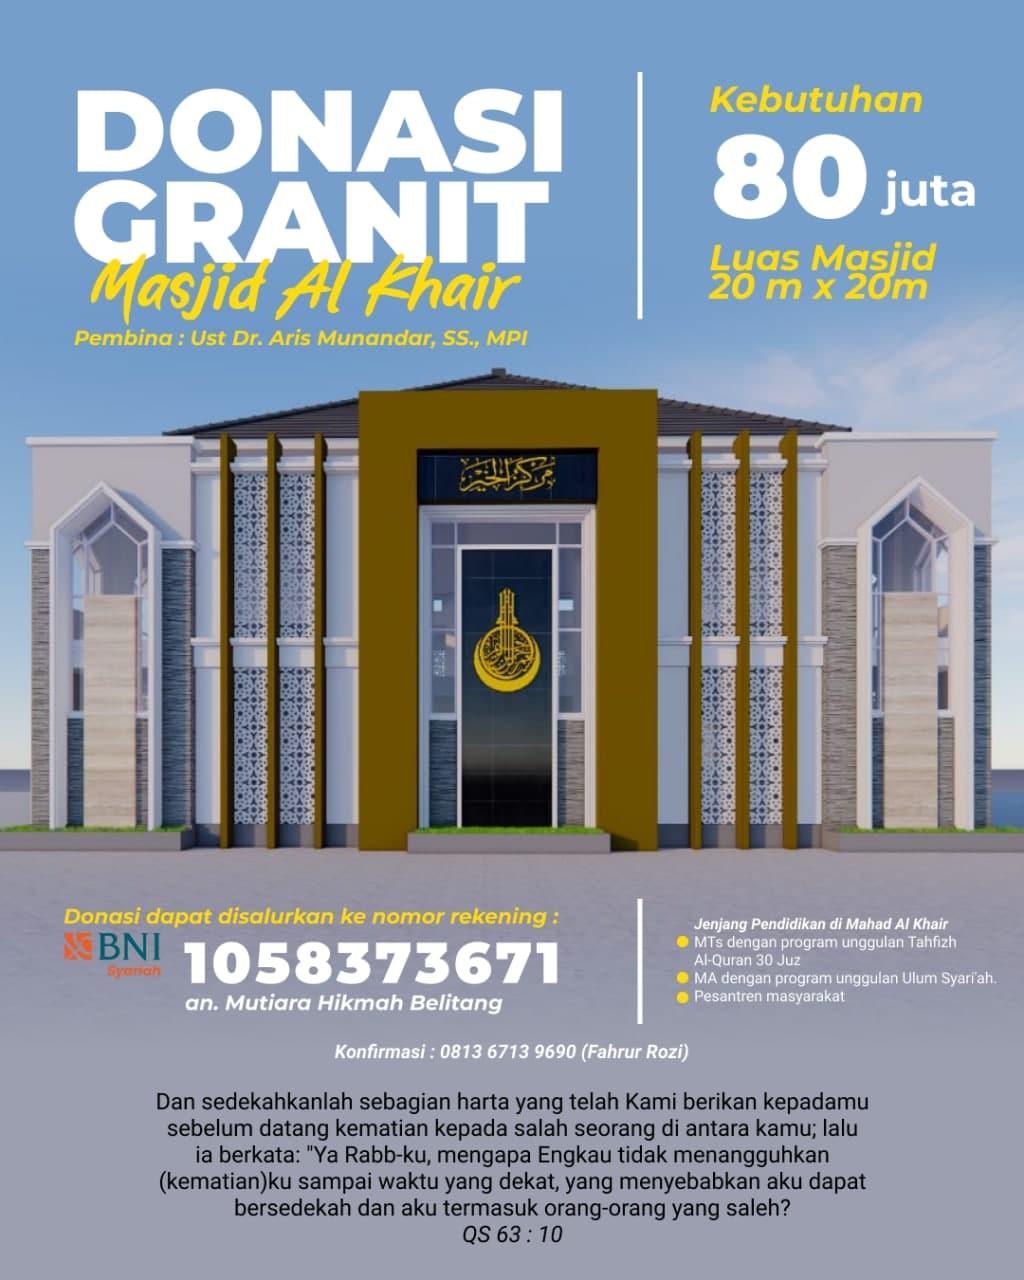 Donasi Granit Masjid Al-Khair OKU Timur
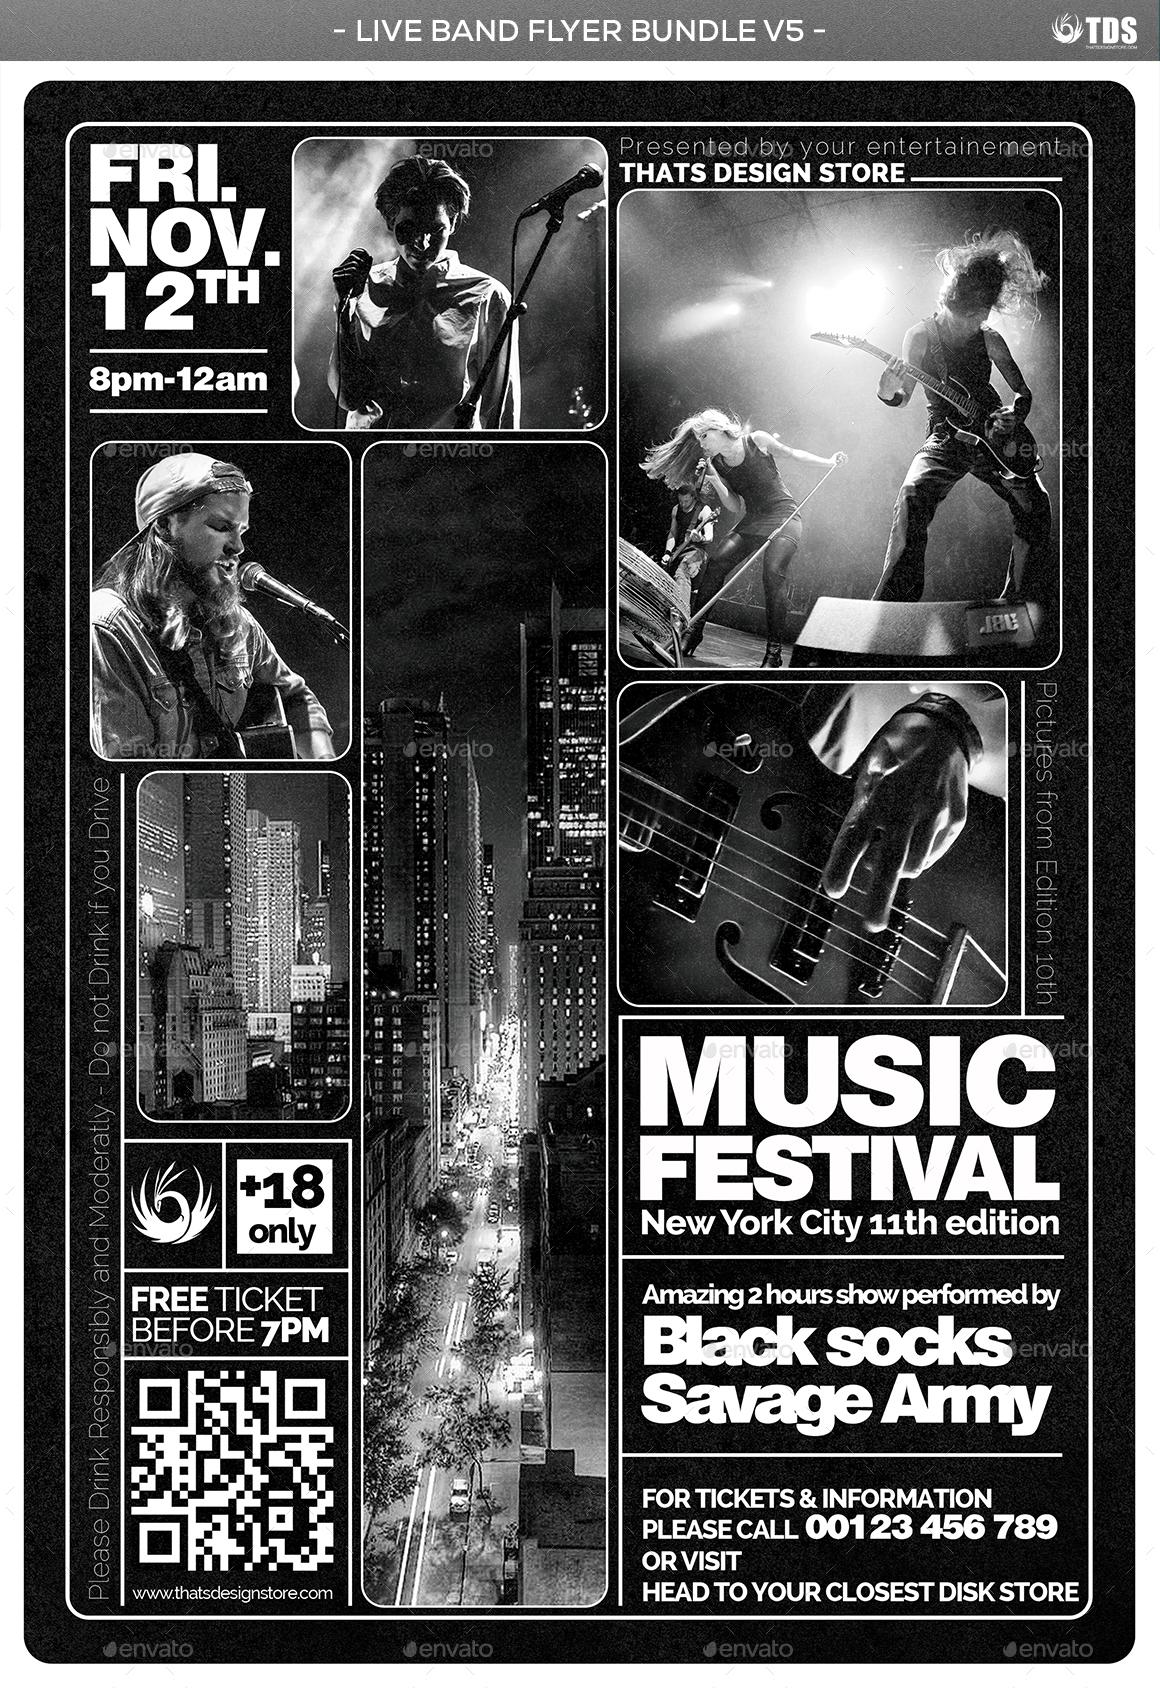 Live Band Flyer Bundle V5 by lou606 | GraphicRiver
* * *
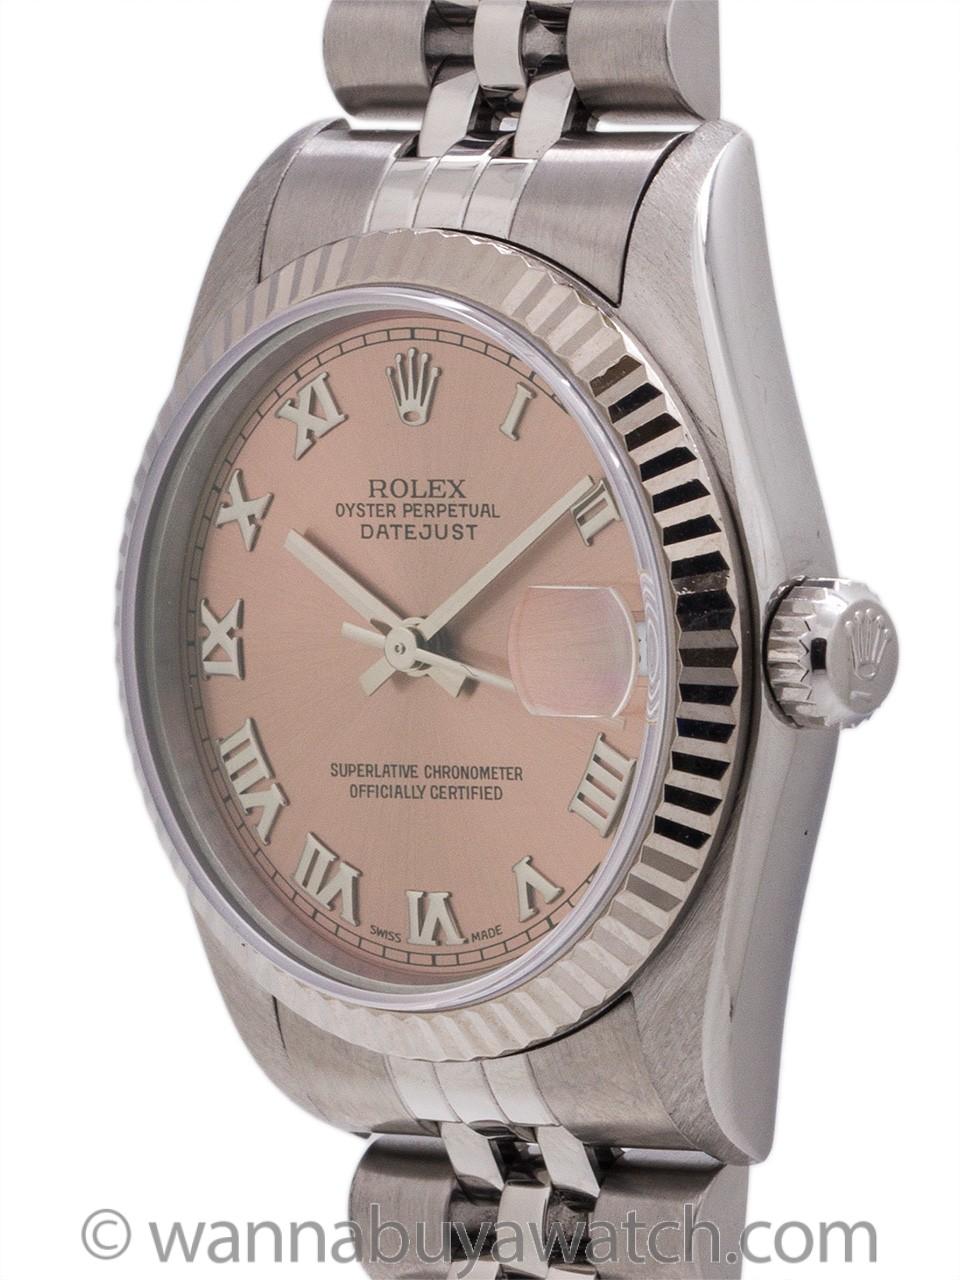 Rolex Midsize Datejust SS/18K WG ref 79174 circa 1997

Prompt:
From the records above, transcribe exactly the lines starting at the one containing "Donasi Granit Masjid Al-Khair OKU Timur" and ending at the one containing "Live Band Flyer". Skip the pictures.

Answer below:
 Donasi Granit Masjid Al-Khair OKU Timur
 Live Band Flyer Bundle V5 by lou606 | GraphicRiver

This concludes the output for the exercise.